The JavaScript version is a "tracing" disassembler, meaning it tracks a set of addresses to disassemble, beginning with a given start address. It reads the instruction there, calculates literal jump/branch destinations, and whether the following byte also should be an instruction. These are added to the set of addresses to disassemble from, and it loops until that set is empty. It's sort of like a flood-fill algorithm. Instructions like BRK, RTS, RTI, STP or unknown opcodes don't produce any new traces, but callers like JSR create both a trace into the subroutine and a trace to the next instruction after JSR, which is where the RTS would go anyway in the common case.
So this sort of disassembly handles straightforward code pretty well, but doesn't understand any indirection or related trickery at all. The worst cases are always-taken branches, JSRs that don't return, and code which is always interrupted without returning. In these cases, the tracer believes the next bytes are still instructions to be executed, and wanders off into la-la land through random data. Cases like JMP (abs) are a lot cleaner, because it simply throws up its hands and doesn't trace any new code, conservatively leaving more unanalyzed bytes that can then be manually poked through with new human-provided traces.
The data structures holding the disassembled instruction information do support "embedded" instructions, like BIT $00a9 holding a LDA #$00, but if that's traced it's currently not displayed well. I might leave handling that properly to the server.

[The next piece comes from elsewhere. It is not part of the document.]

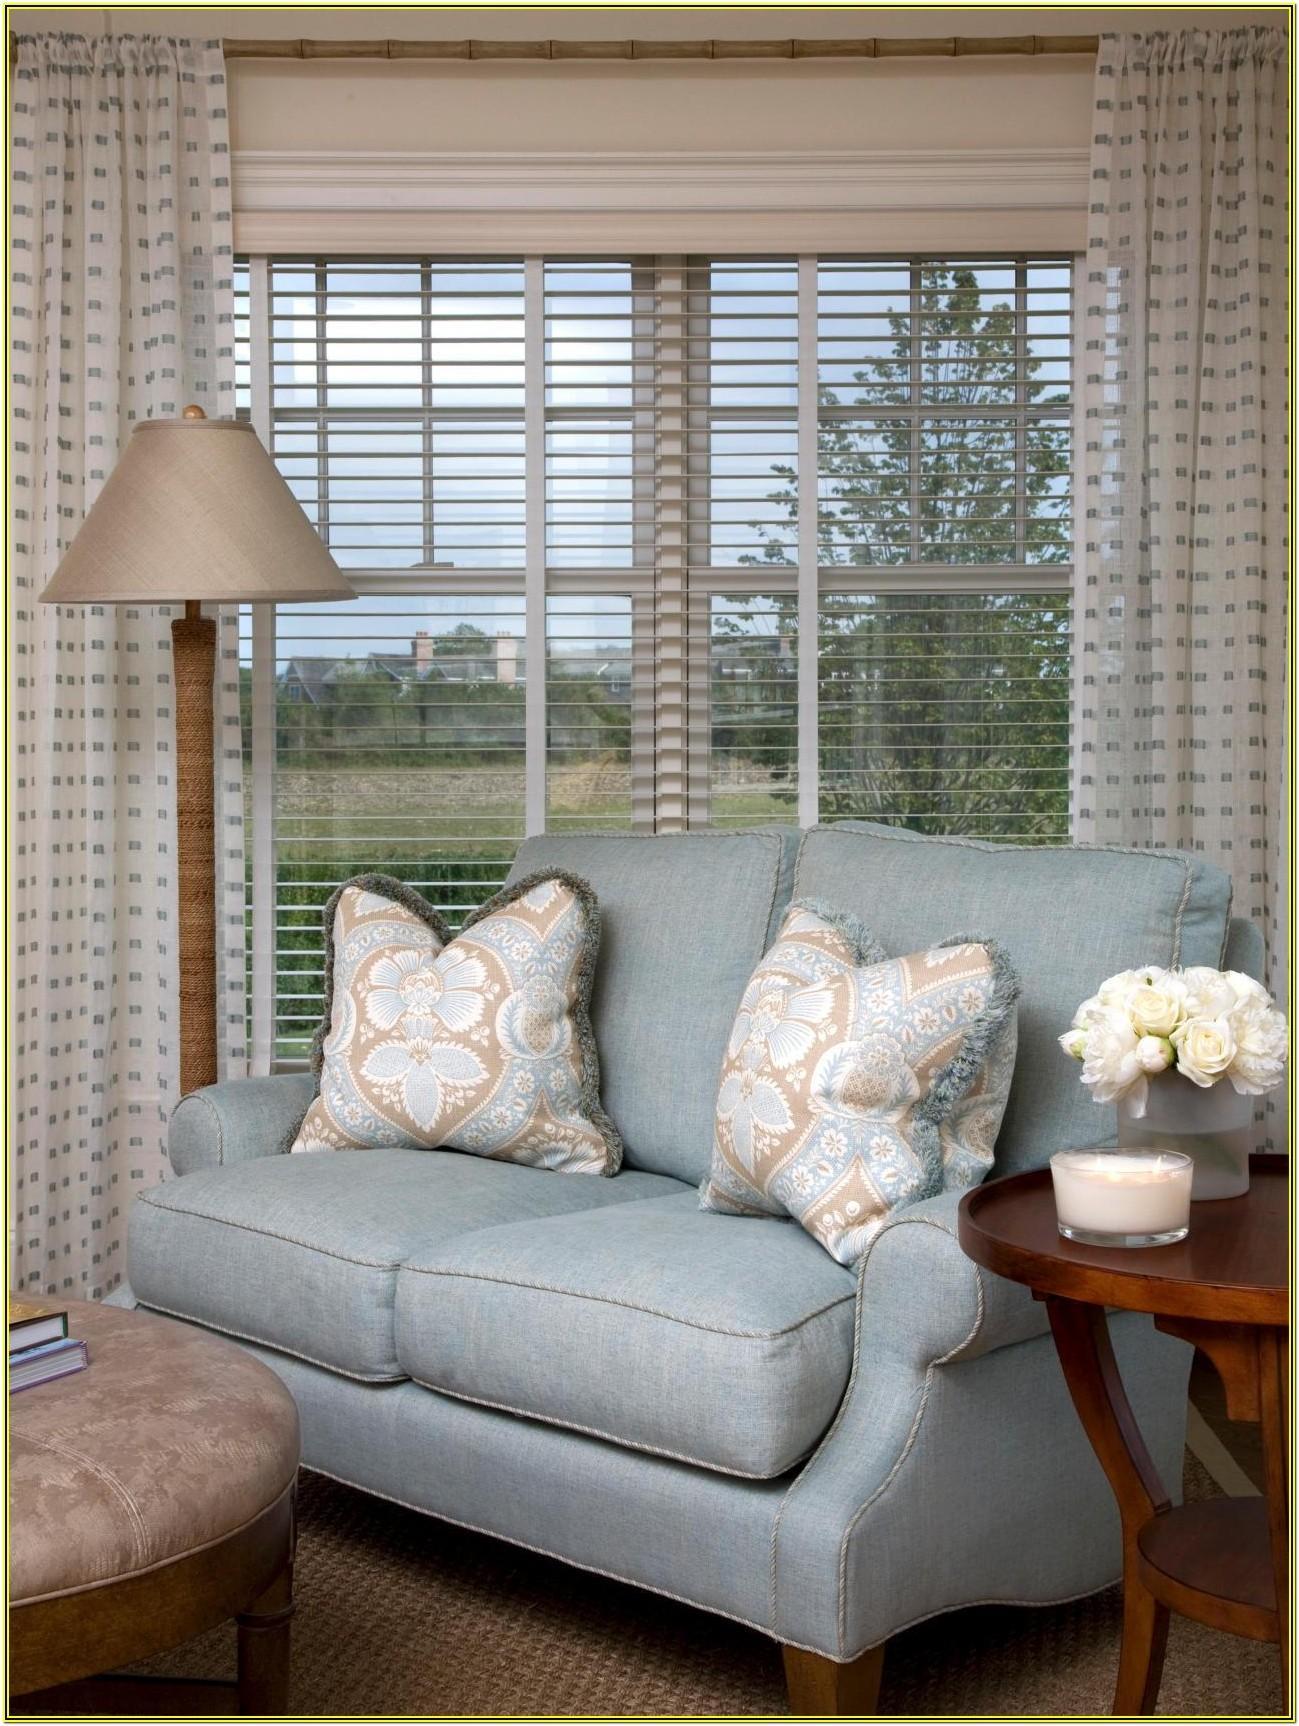 Living Room Window Blinds Ideas

The server-based disassembler incorporates a form of "symbolic execution", which is basically analyzing the hypotheticals, unknowns, timings, reachability, and runtime state of what's what as the execution might pass through a block of code. Its memory footprint is ... very large. In practice, my task is to encode what I would do as I look at a block of code, and get the machine to go through the same "thought process". Reverse engineering is what got me into AI in the first place, because it's very laborious for a human to do, and after a certain amount of time doing the same tedious mental tasks over and over, you start to get ideas for how to specify and automate it. After all, isn't offloading work from humans the entire point of computers?
I consider it fundamental requirements for the server version to disassemble
straightforward implementations of fixed jump tables, indirection, PHA PHA RTS dispatch, track mode state such as 65816 width bits and banking, and others. By modeling my own understanding of what I think I track mentally to discover these sorts of things, hopefully it will have the tools to grok more complex cases. It's a big unknown as to how much that knowledge application will compound, but it's far more likely to be more useful than trying to discover such tricks via looking at rote code patterns. Plus, it's already a good way there in terms of discovering & tracking much of the data it needs for these issues.
A more internal requirement is that it needs to understand that in the C64 case for example, $D000 doesn't address just a single specific byte, but can address ROM, RAM, I/O, etc, so I don't handle addresses as naked 16-bit numbers internally, even in the client. That's been the biggest challenge in all of this: Creating a substrate which is capable of representing the information I need to extract from it. Most disassembler architectures simply tag addresses with a fixed set of fields, and that simply doesn't cut it, especially in older systems' code where there's banking, loaded overlays, no cleanly separated code/data areas, etc.
Of course, any analysis system is defeatable; I just think when some
portion of deeper disassembly is possible, it's stupid to just give up because 100% solutions are impossible, as many have done. It should seek to analyze the tractable cases, and potentially make more complicated cases tractable as it matures.
But I also know it's a "put up or shut up" situation in terms of believability, especially considering the history of others' claims and attempts, and I've not put up yet. That's part of why I want the JavaScript version out there, to be a human-driven version of triggering and representing these features (representation is especially challenging and is very incomplete), and to be practical without the spectre of the larger claims. It has the facility to interact with and render the output of the server, but can be fed by its own simpler disassembler as well.